After a few hair-pin bends this path leads you into the middle of the quarry (picture n.9), a fascinating experience of blinding whiteness. Follow the unpaved road (marmifera) but be careful not to miss an abrupt turn-off down on the L, poorly indicated (signs are meant for those coming up, and are located on a cliff on your right). Please note that this turn-off is not too far from the area of the quarry, so if you find yourself walking for too long without seeing a downhill branch on the left you'll probably have to retrace your steps (which is what we did).
Once taken this turn-off on the left, you'll find yourself on another unpaved road (marmifera). A stroll away is another fork: ignore the R branch for path n.31 (it descends to Arni, but still too far from the car park) and stick to the main road straight on.
After several ups and downs the marmifera descends till you find the fork and signposts for Passo degli Uncini (path n.33); minutes later you reach the confusing junction of this morning (picture n.1: you'll be coming from the left). At this point you need the L path descending to the car park of Le Gobbie.

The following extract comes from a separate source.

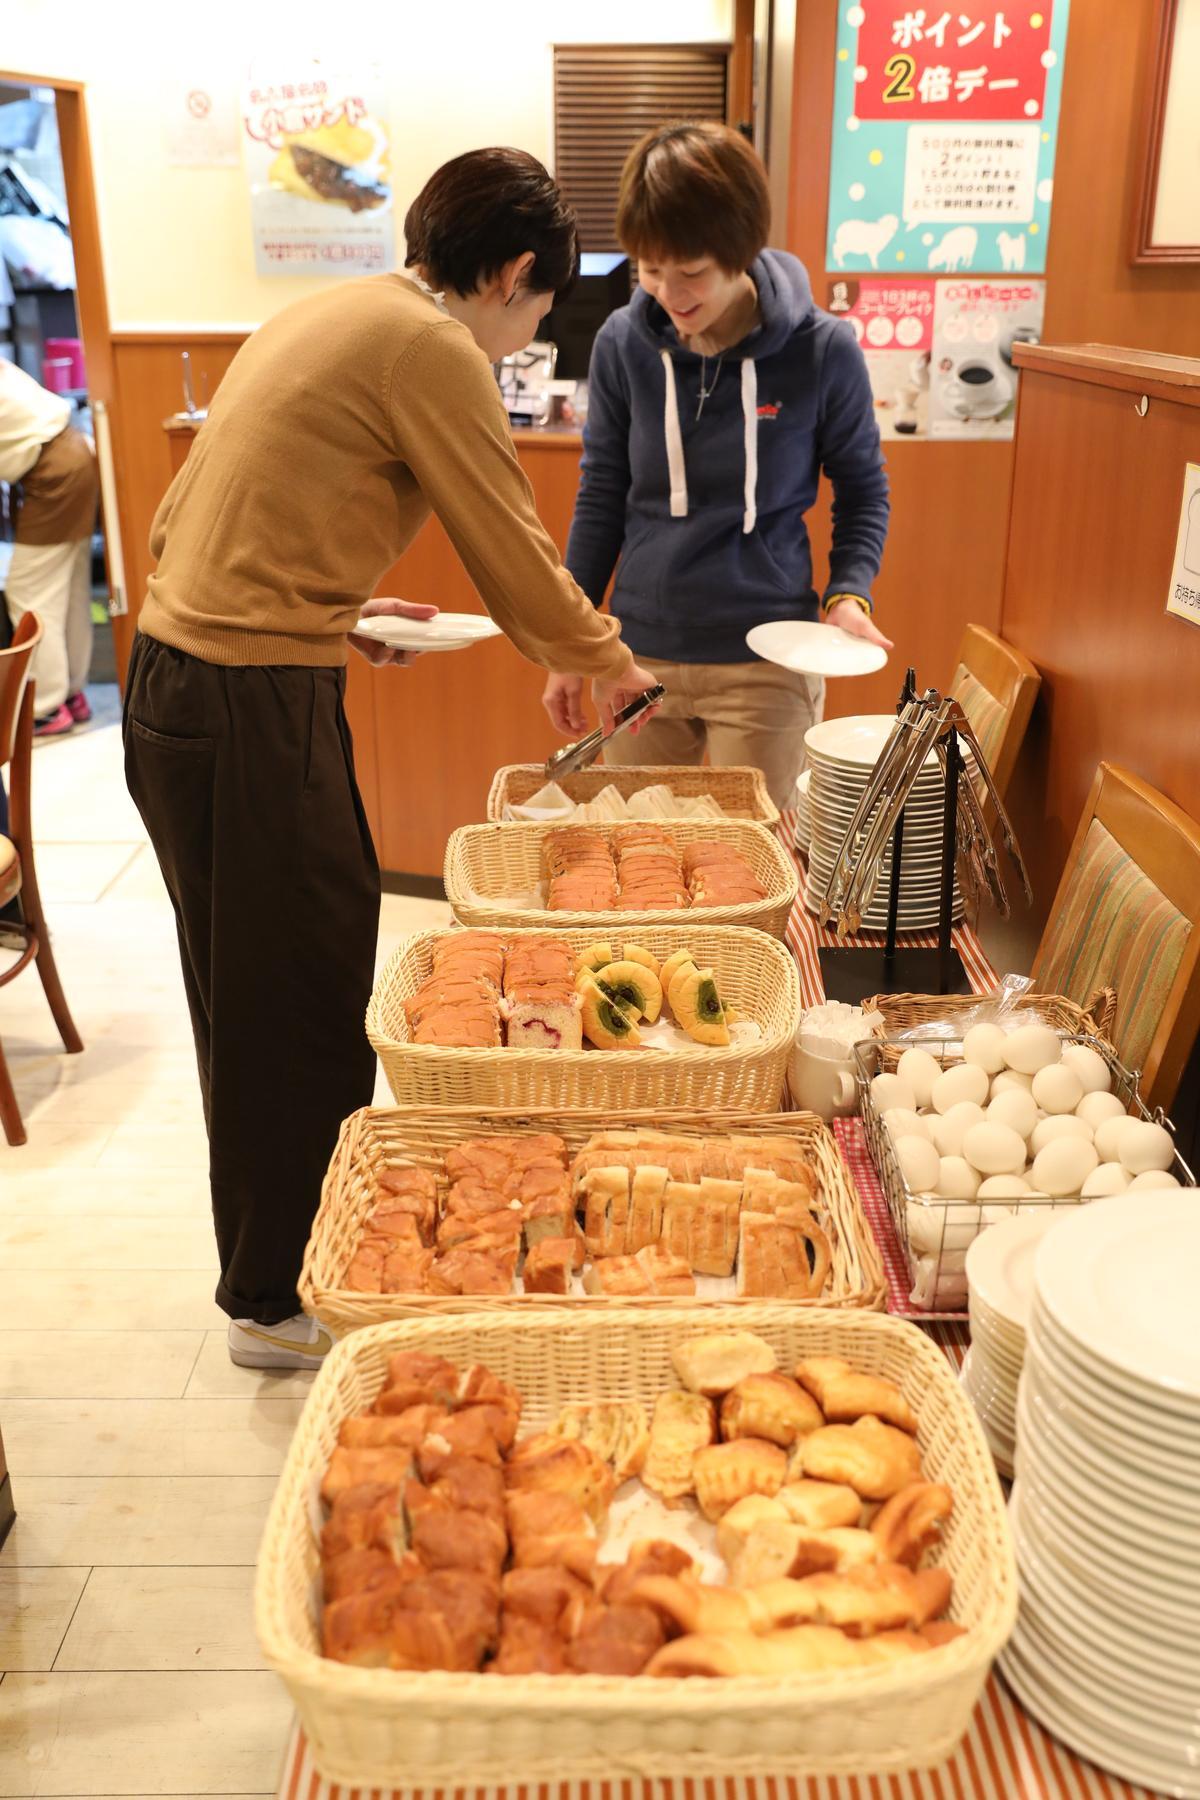 Chapeau Blanc相當有誠意,吃到飽的麵包選擇很豐富。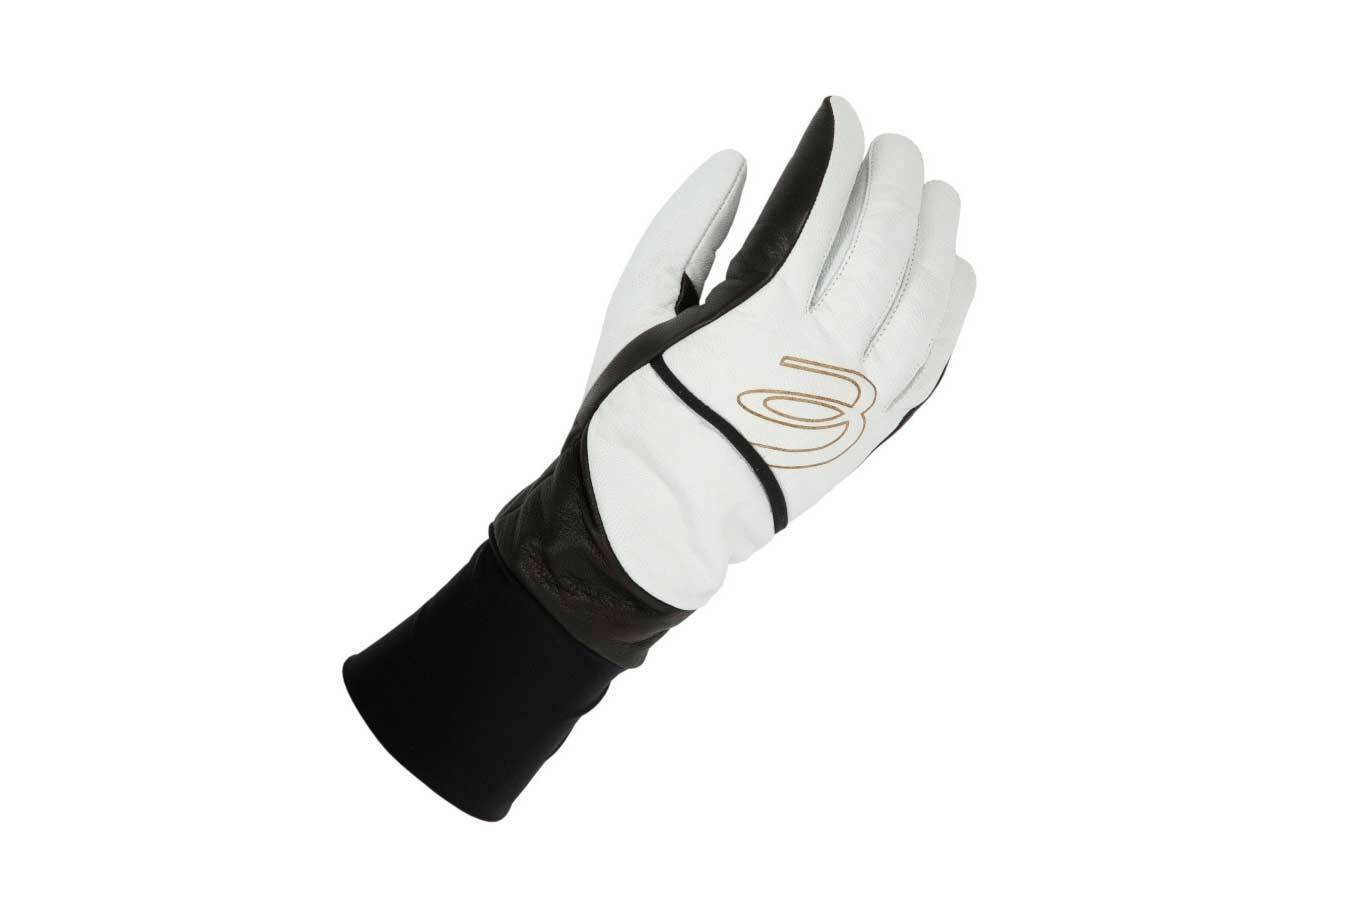 Basisrausch Kristall FLEX Flying Gloves   Paragliding   Hang Gliding   Brand New

I'll start with my personal general warnings on the Apuan Alps: these beautiful but tricky mountains can be very dangerous in winter because of ice or verglas, and paths generally become very slippery in the wet. Unless you are experienced and properly equipped, be careful not to choose the wrong time of the year, or to hike here in bad weather. Late spring and early autumn are almost always ok, while summer is not recommended for the unbearable heat.
This said, this route is a little demanding, but not difficult; it's not too long, and the elevation to gain reasonable anyway. You'll be rewarded with truly breathtaking views.
In addition, the place evokes strong impressions. I've told you about Michelangelo; then there is World War II: Mt. Altissimo was on the Gothic Line, and bunkers and other military ruins are still visible, by close, scattered and half hidden as they are along the flank of the mountain.
The quarry experience is another plus point. Here you walk through one, and it's truly fascinating. I don't know exactly how things work for marble quarries, except that they are privately owned, that there are people working there on weekdays, and that the hikers' presence is tolerated if they stick to the rules and follow what signs tell them to do, most times for their own safety. Some marble quarries in this area around Carrara are open for a thorough visit, but I do not think these are.
La descrizione di questo itinerario risale ormai a parecchi anni fa e non verrà più aggiornata. Nel frattempo, però, i luoghi, le vie di accesso ed i sentieri potrebbero essere cambiati.